Records from a data source:

========

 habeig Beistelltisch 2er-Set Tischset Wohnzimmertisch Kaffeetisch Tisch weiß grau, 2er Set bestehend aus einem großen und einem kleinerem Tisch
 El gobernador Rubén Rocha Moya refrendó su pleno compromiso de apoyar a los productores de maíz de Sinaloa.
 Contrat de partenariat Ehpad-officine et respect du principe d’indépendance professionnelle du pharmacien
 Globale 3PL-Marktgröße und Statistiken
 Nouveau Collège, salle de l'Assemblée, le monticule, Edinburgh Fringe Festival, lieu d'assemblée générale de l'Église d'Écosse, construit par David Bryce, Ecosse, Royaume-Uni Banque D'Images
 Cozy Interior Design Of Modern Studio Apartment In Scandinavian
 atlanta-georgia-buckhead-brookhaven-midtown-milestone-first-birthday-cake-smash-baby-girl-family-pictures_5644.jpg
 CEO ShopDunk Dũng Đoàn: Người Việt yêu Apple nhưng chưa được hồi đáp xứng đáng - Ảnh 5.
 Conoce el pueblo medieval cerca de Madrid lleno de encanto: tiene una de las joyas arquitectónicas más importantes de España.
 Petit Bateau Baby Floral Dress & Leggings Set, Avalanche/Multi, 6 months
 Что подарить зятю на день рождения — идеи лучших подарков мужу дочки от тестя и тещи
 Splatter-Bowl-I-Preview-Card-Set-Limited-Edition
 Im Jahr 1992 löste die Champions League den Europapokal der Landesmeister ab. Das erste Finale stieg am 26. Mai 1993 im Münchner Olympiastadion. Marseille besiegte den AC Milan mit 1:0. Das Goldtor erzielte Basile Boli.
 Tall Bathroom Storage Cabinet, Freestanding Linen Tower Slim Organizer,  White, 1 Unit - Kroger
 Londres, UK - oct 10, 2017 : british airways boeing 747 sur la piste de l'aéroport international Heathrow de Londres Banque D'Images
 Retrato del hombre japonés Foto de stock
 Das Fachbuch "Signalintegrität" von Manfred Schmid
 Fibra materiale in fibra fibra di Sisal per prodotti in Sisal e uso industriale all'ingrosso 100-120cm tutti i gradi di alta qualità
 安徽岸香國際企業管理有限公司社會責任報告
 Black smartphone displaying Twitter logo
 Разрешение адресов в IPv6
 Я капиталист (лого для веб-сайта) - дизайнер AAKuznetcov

========

Assignment — Recopy the records without any alteration.

Output below —
 habeig Beistelltisch 2er-Set Tischset Wohnzimmertisch Kaffeetisch Tisch weiß grau, 2er Set bestehend aus einem großen und einem kleinerem Tisch
 El gobernador Rubén Rocha Moya refrendó su pleno compromiso de apoyar a los productores de maíz de Sinaloa.
 Contrat de partenariat Ehpad-officine et respect du principe d’indépendance professionnelle du pharmacien
 Globale 3PL-Marktgröße und Statistiken
 Nouveau Collège, salle de l'Assemblée, le monticule, Edinburgh Fringe Festival, lieu d'assemblée générale de l'Église d'Écosse, construit par David Bryce, Ecosse, Royaume-Uni Banque D'Images
 Cozy Interior Design Of Modern Studio Apartment In Scandinavian
 atlanta-georgia-buckhead-brookhaven-midtown-milestone-first-birthday-cake-smash-baby-girl-family-pictures_5644.jpg
 CEO ShopDunk Dũng Đoàn: Người Việt yêu Apple nhưng chưa được hồi đáp xứng đáng - Ảnh 5.
 Conoce el pueblo medieval cerca de Madrid lleno de encanto: tiene una de las joyas arquitectónicas más importantes de España.
 Petit Bateau Baby Floral Dress & Leggings Set, Avalanche/Multi, 6 months
 Что подарить зятю на день рождения — идеи лучших подарков мужу дочки от тестя и тещи
 Splatter-Bowl-I-Preview-Card-Set-Limited-Edition
 Im Jahr 1992 löste die Champions League den Europapokal der Landesmeister ab. Das erste Finale stieg am 26. Mai 1993 im Münchner Olympiastadion. Marseille besiegte den AC Milan mit 1:0. Das Goldtor erzielte Basile Boli.
 Tall Bathroom Storage Cabinet, Freestanding Linen Tower Slim Organizer,  White, 1 Unit - Kroger
 Londres, UK - oct 10, 2017 : british airways boeing 747 sur la piste de l'aéroport international Heathrow de Londres Banque D'Images
 Retrato del hombre japonés Foto de stock
 Das Fachbuch "Signalintegrität" von Manfred Schmid
 Fibra materiale in fibra fibra di Sisal per prodotti in Sisal e uso industriale all'ingrosso 100-120cm tutti i gradi di alta qualità
 安徽岸香國際企業管理有限公司社會責任報告
 Black smartphone displaying Twitter logo
 Разрешение адресов в IPv6
 Я капиталист (лого для веб-сайта) - дизайнер AAKuznetcov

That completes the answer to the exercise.